◆ What you will do: Output, exactly and in full, only the lines from the one containing "Tendina vetro Infini" to the last line of the data. Pictures should not appear.

◆ Source data:
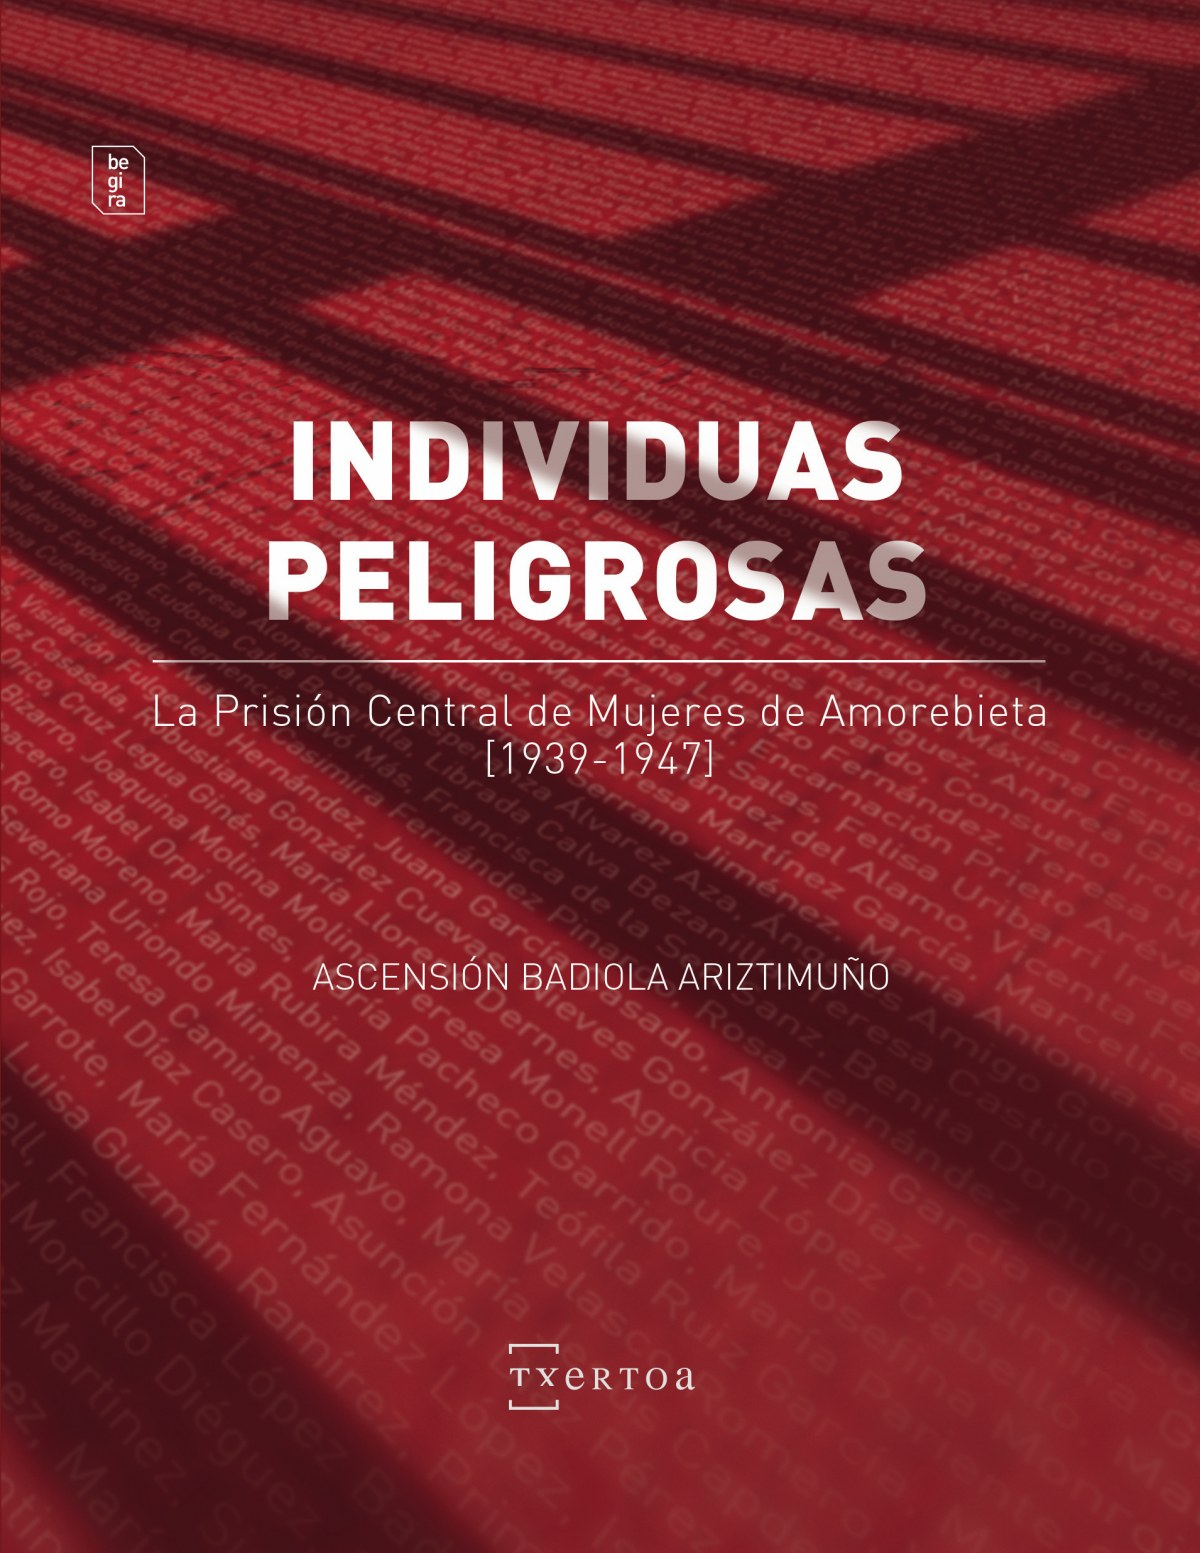 INDIVIDUAS PELIGROSAS 9788471486301
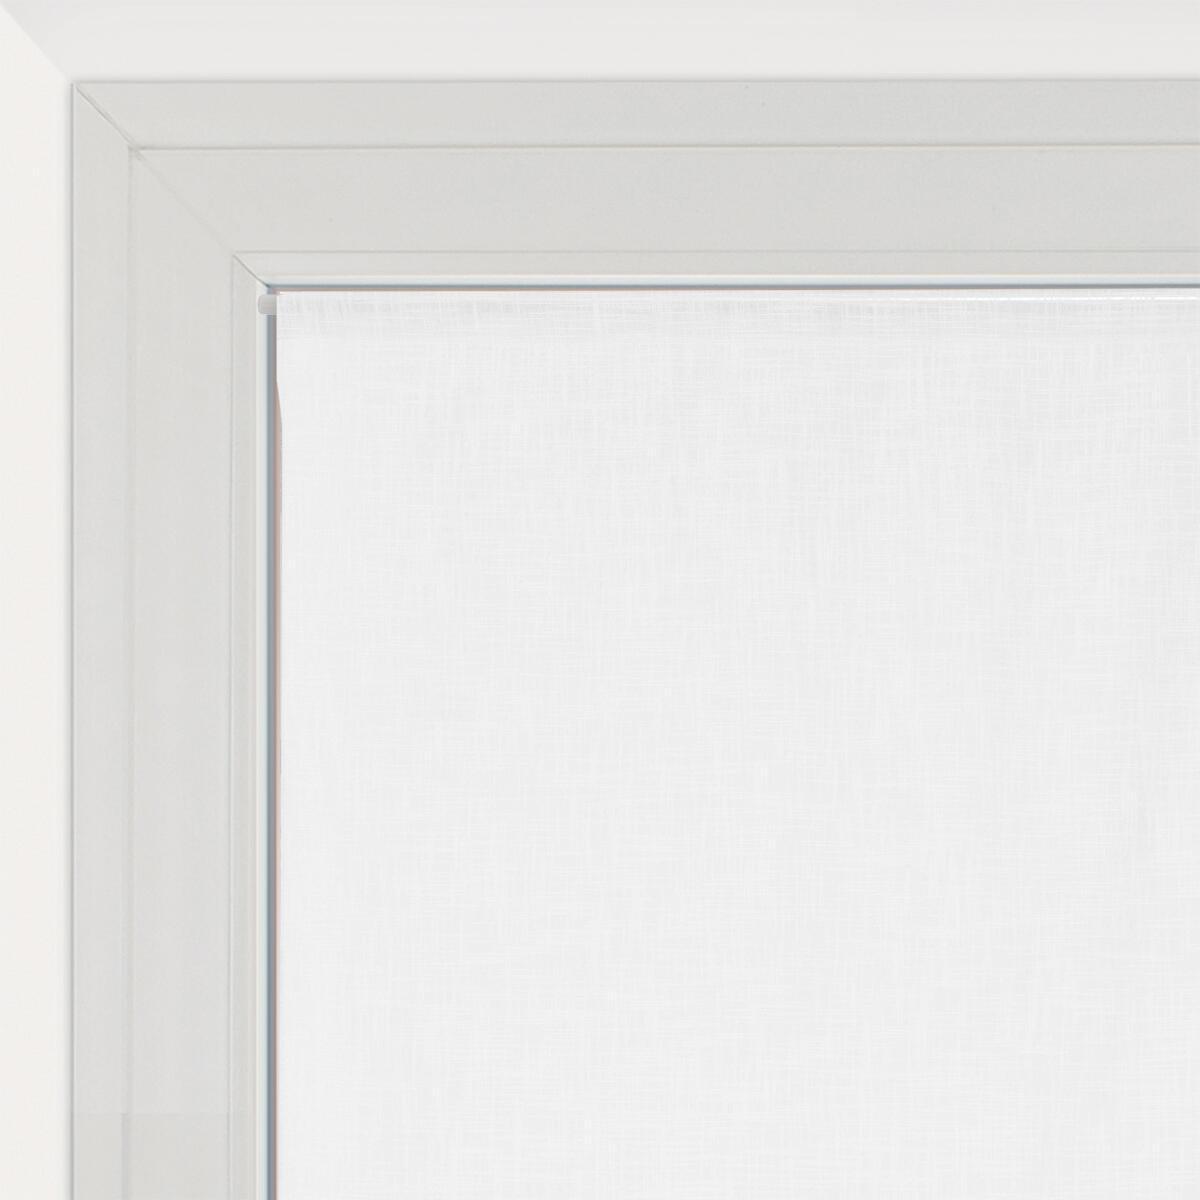 Tendina vetro Infini bianco tunnel 60 x 120 cm - 1
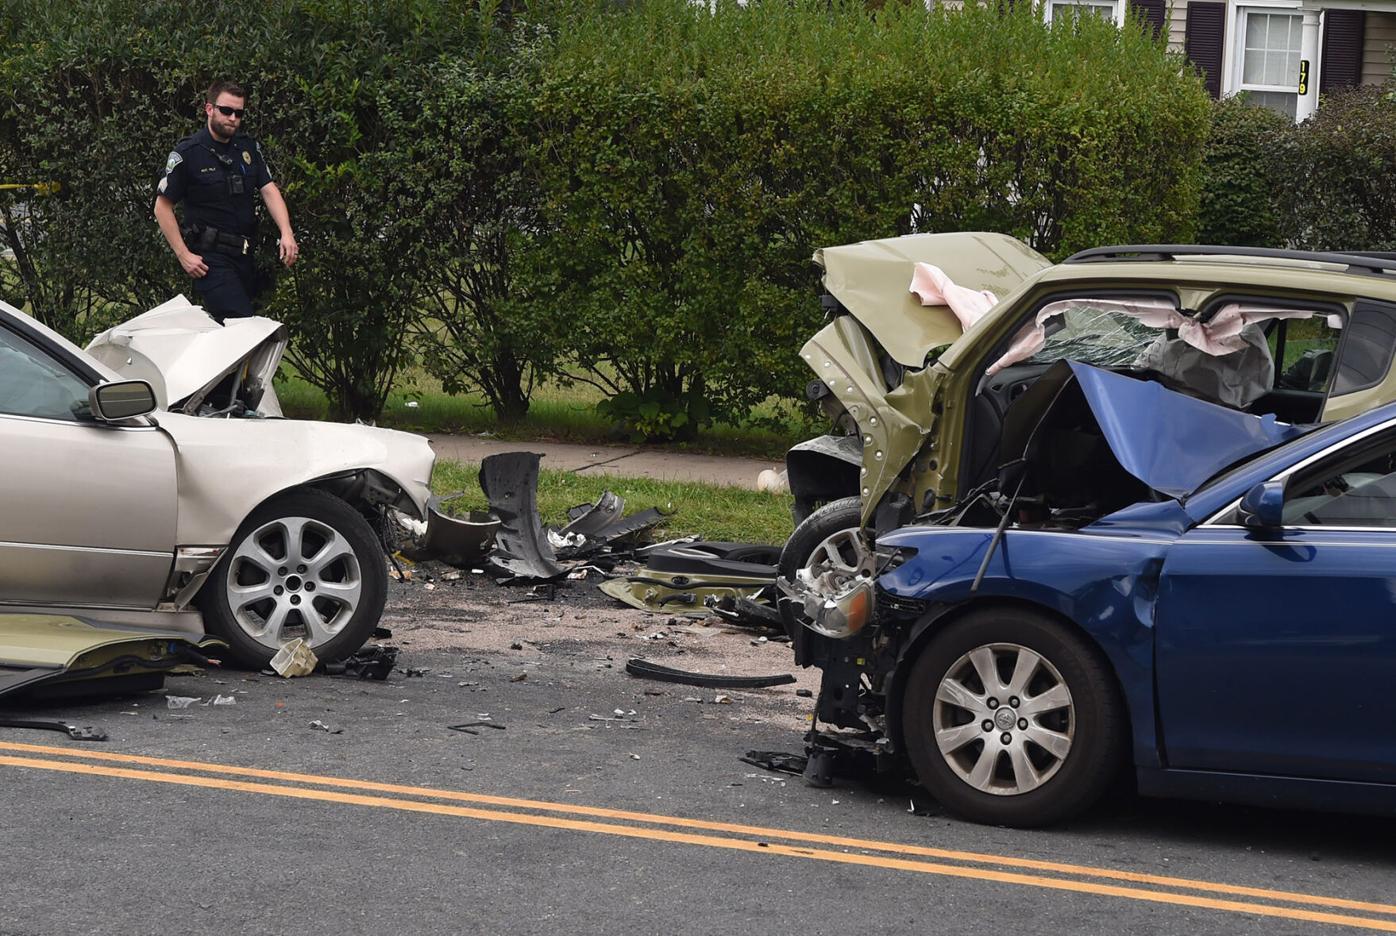 091421 MA Multi-Car Accident 02.jpg
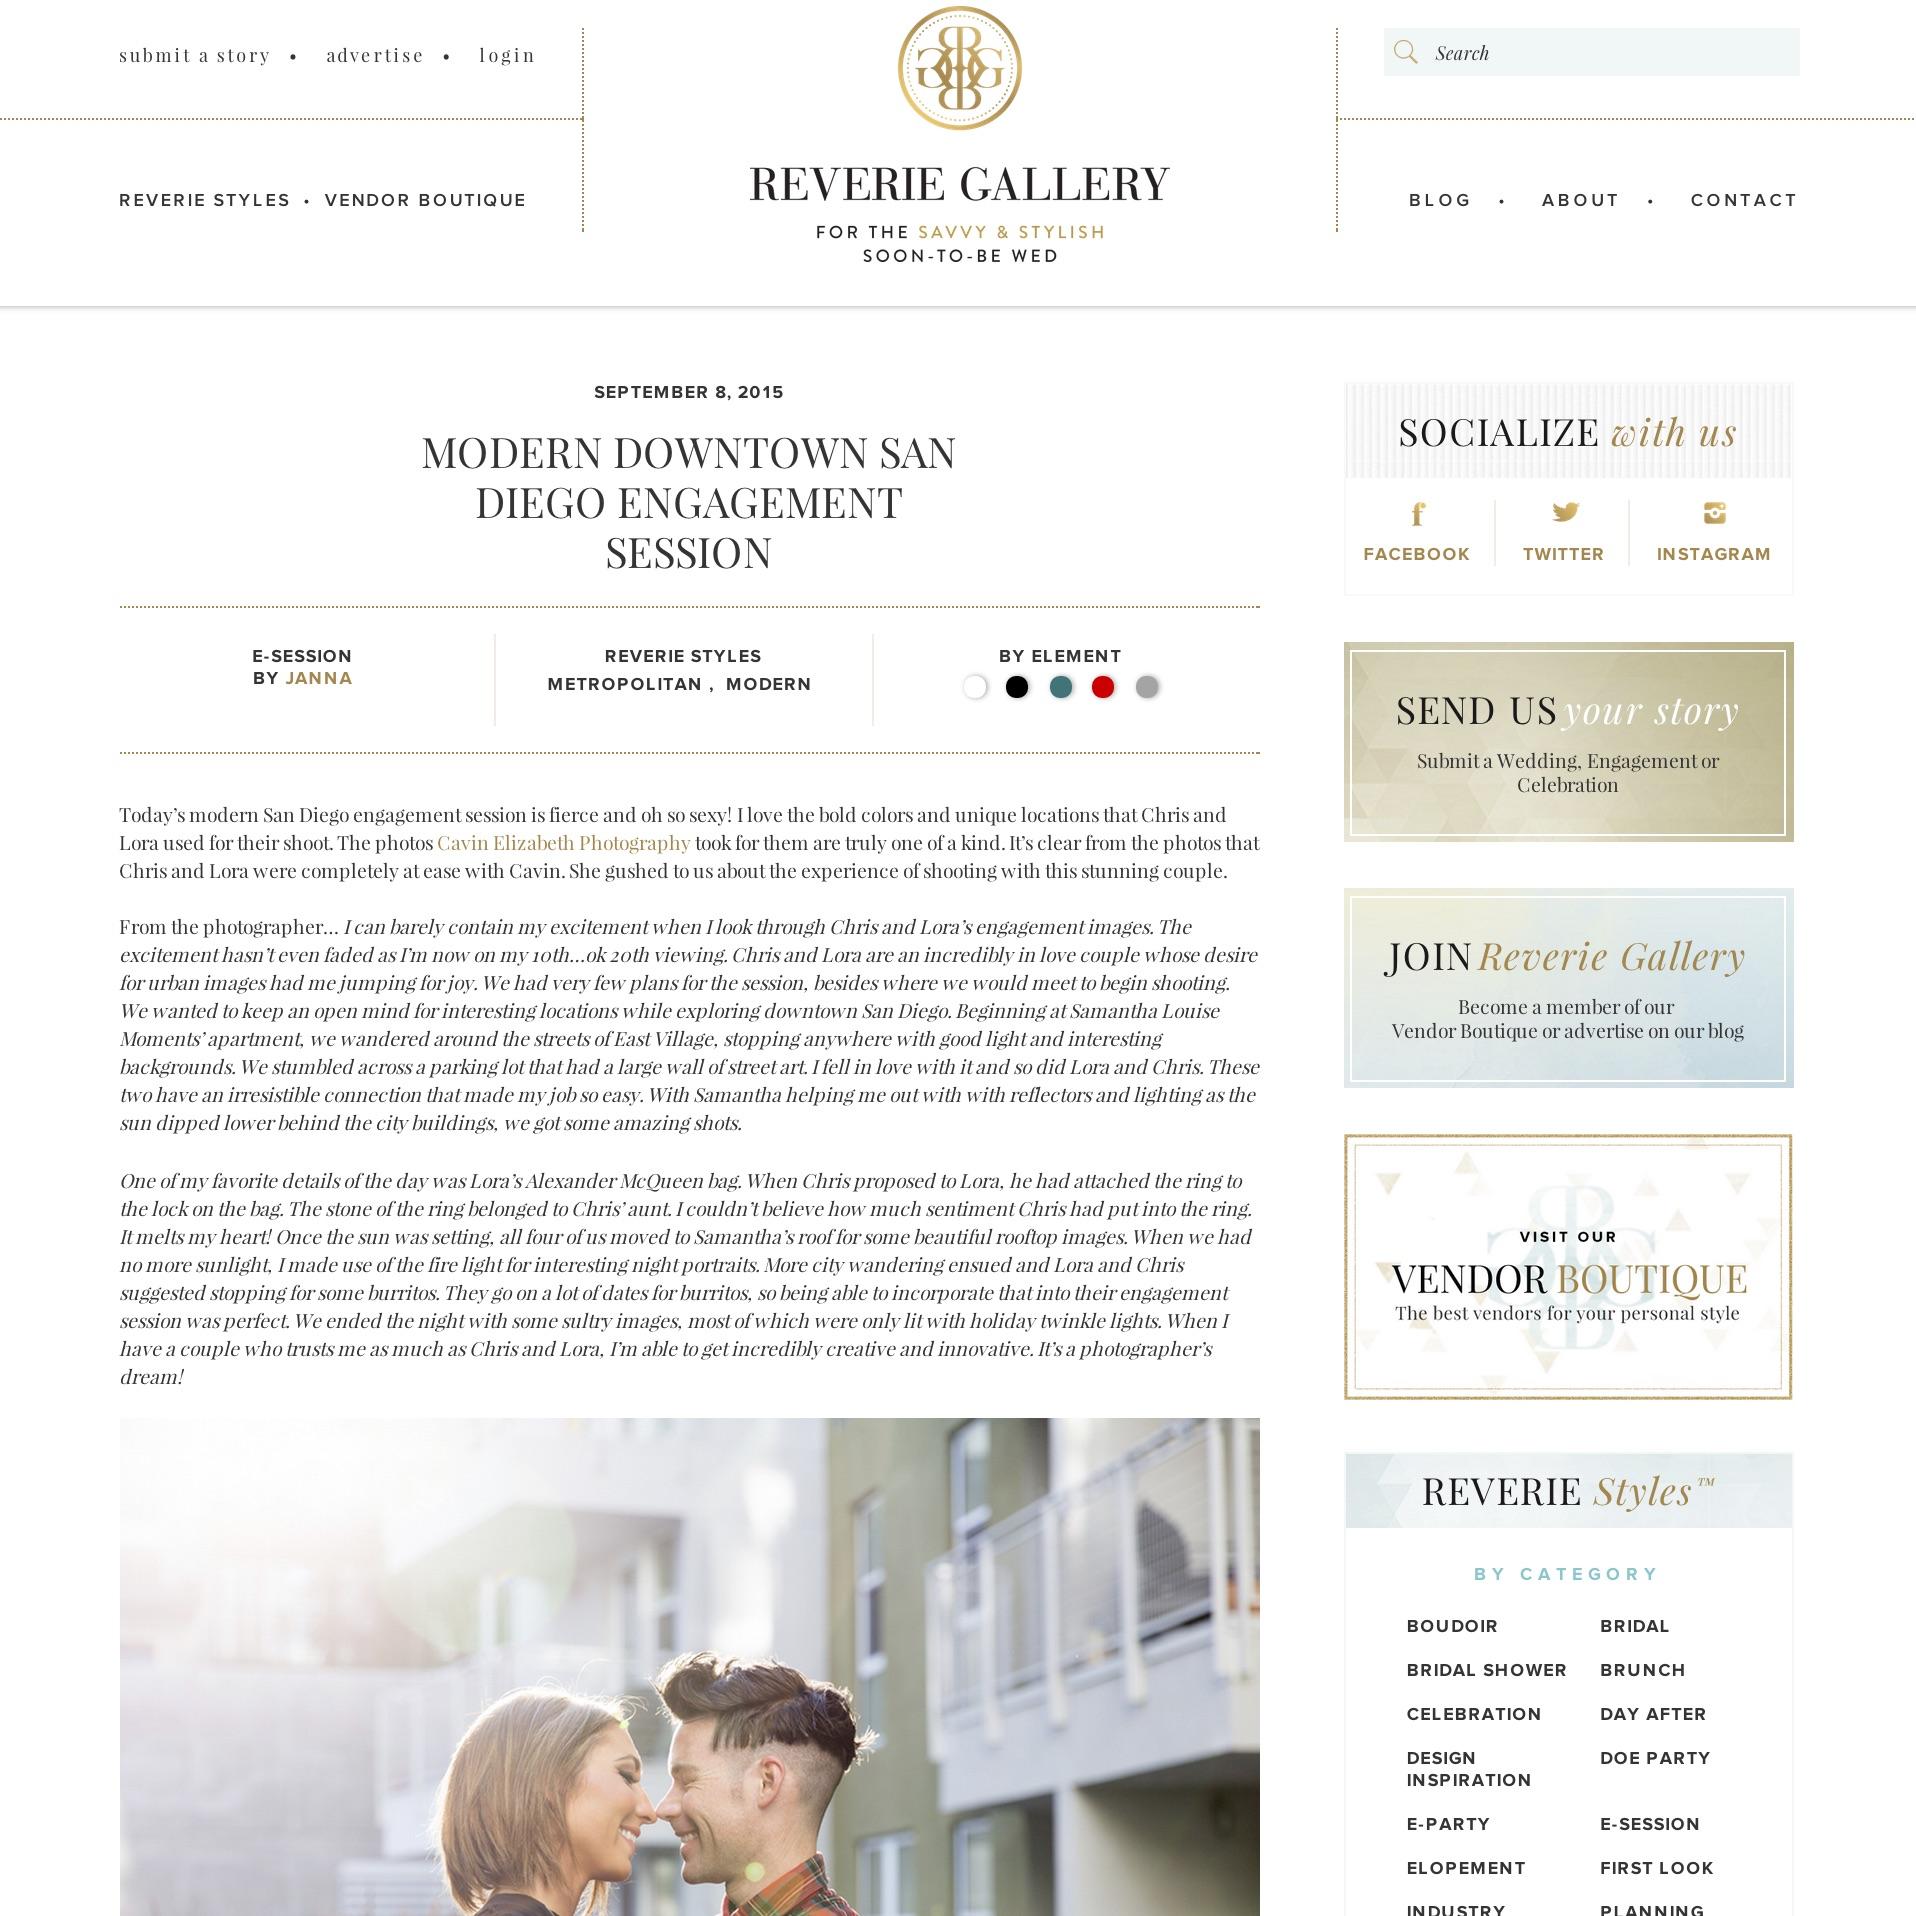 San Diego wedding photographer featured on Reverie Gallery press blog

◆ Solution for this problem:
 Tendina vetro Infini bianco tunnel 60 x 120 cm - 1
 091421 MA Multi-Car Accident 02.jpg
 San Diego wedding photographer featured on Reverie Gallery press blog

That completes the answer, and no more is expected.